A comprehensive understanding of mechanisms would allow us to answer subtly distinct questions such as:
- In a setting where the effect of DACA eligibility on WIC enrollment was eliminated, but different people still enroll in WIC with varying frequency, how large would the remaining effect of DACA eligibility on psychological distress be?
- In a setting where the effect of DACA eligibility on WIC enrollment was eliminated because everyone enrolled in WIC, how large would the remaining effect of DACA eligibility on psychological distress be?
The answers to each of these questions may differ, and depending on the universe of feasible policy responses, one question might be more relevant than others.
The most common method to conduct mediation analysis is the Baron and Kenny approach. In this approach, the effect of the exposure on the outcome is modeled, first in a regression without the mediating variable (to quantify the total effect of the exposure on the outcome) and second in a regression including the mediating variable (to quantify the direct effect of the exposure on the outcome that does not act through the mediator). The difference between the two effect estimates is considered the effect of the exposure on the outcome that acts through the mediator (the indirect effect). However, this approach is only valid if there is no uncontrolled confounding between the mediator and the outcome, there is no interaction between the exposure and the mediator, and the measures of effect are linear contrasts (e.g., a coefficient from a linear regression).
Modern causal mediation approaches have been developed based on counterfactual or potential outcome frameworks (e.g., g-estimation and inverse probability weighting; see our blog on time-varying confounding and resources below for more details) to overcome challenges faced by the traditional Baron and Kenny approach. These methods contrast potential outcomes under hypothetical interventions on the exposure and mediator. For example, the controlled direct effect of an exposure on an outcome is a contrast between counterfactual outcomes when fixing a mediator to a specific value (for further details see resources below on causal mediation and Dr. Justina Avila-Rieger’s talk on Facebook).
Tools and Resources
Mediation analyses can offer more nuanced insights into the mechanisms through which programs, policies, or practices are affecting outcomes, which can help better target changes to achieve racial equity. For more on mediation see the following online resources and journal articles. Also, keep a watch out for the findings of the E4A-funded Physical Activity and Redesigned Community Spaces (PARCS) Youth Cohort in which the researcher team plans to explore the role of mediators of the effect of a citywide park redesign and renovation, on physical activity, park usage, psychosocial and mental health, and quality of life in underserved neighborhoods.
- Introduction to Mediation
- Causal Mediation
- David Kenny Blog
- An Interactive Tool for Mediation Tests
- Dr. Justina Avila-Rieger’s talk on Facebook (starting at minute 8)

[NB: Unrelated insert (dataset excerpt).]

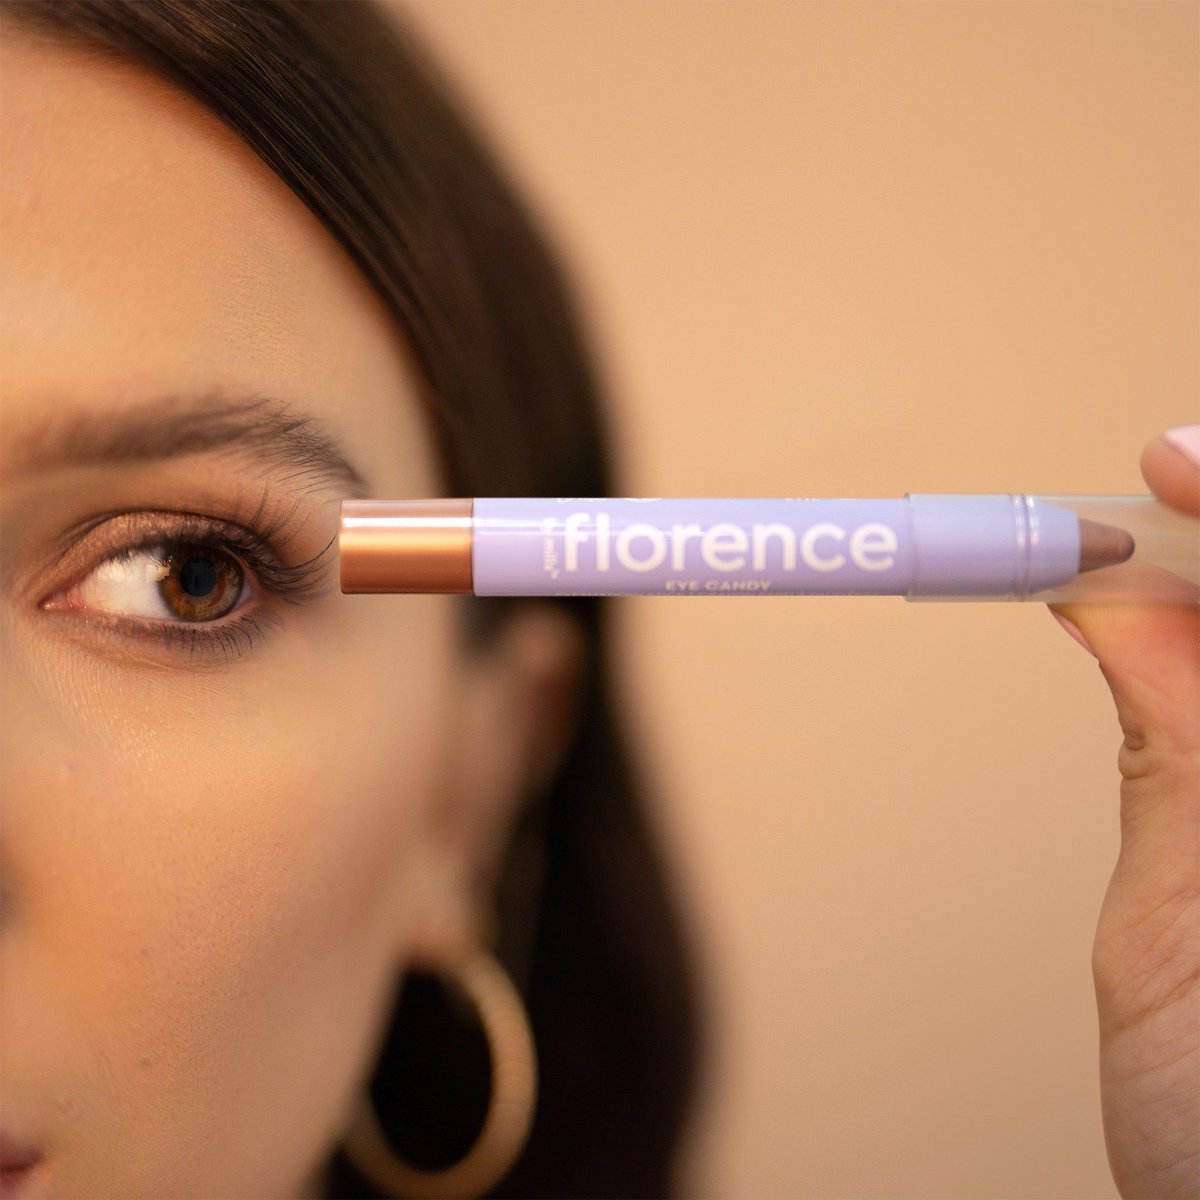 a toffee moment 🤎✨ why mills loves our eye candy eyeshadow sticks: 'i'm obsessed with how easy these eyeshadow sticks are to apply. they blend so easily and don’t budge for hours!' 

shop now at florencebymills.com #florencebymills

- Lange, T., Vansteelandt, S., & Bekaert, M. (2012). A simple unified approach for estimating natural direct and indirect effects. American Journal of Epidemiology, 176(3), 190-195.
- Hafeman, D. M., & Schwartz, S. (2009). Opening the Black Box: a motivation for the assessment of mediation. International Journal of Epidemiology, 38(3), 838-845.
- VanderWeele, T. J. (2009). Marginal structural models for the estimation of direct and indirect effects. Epidemiology, 20(1),18-26.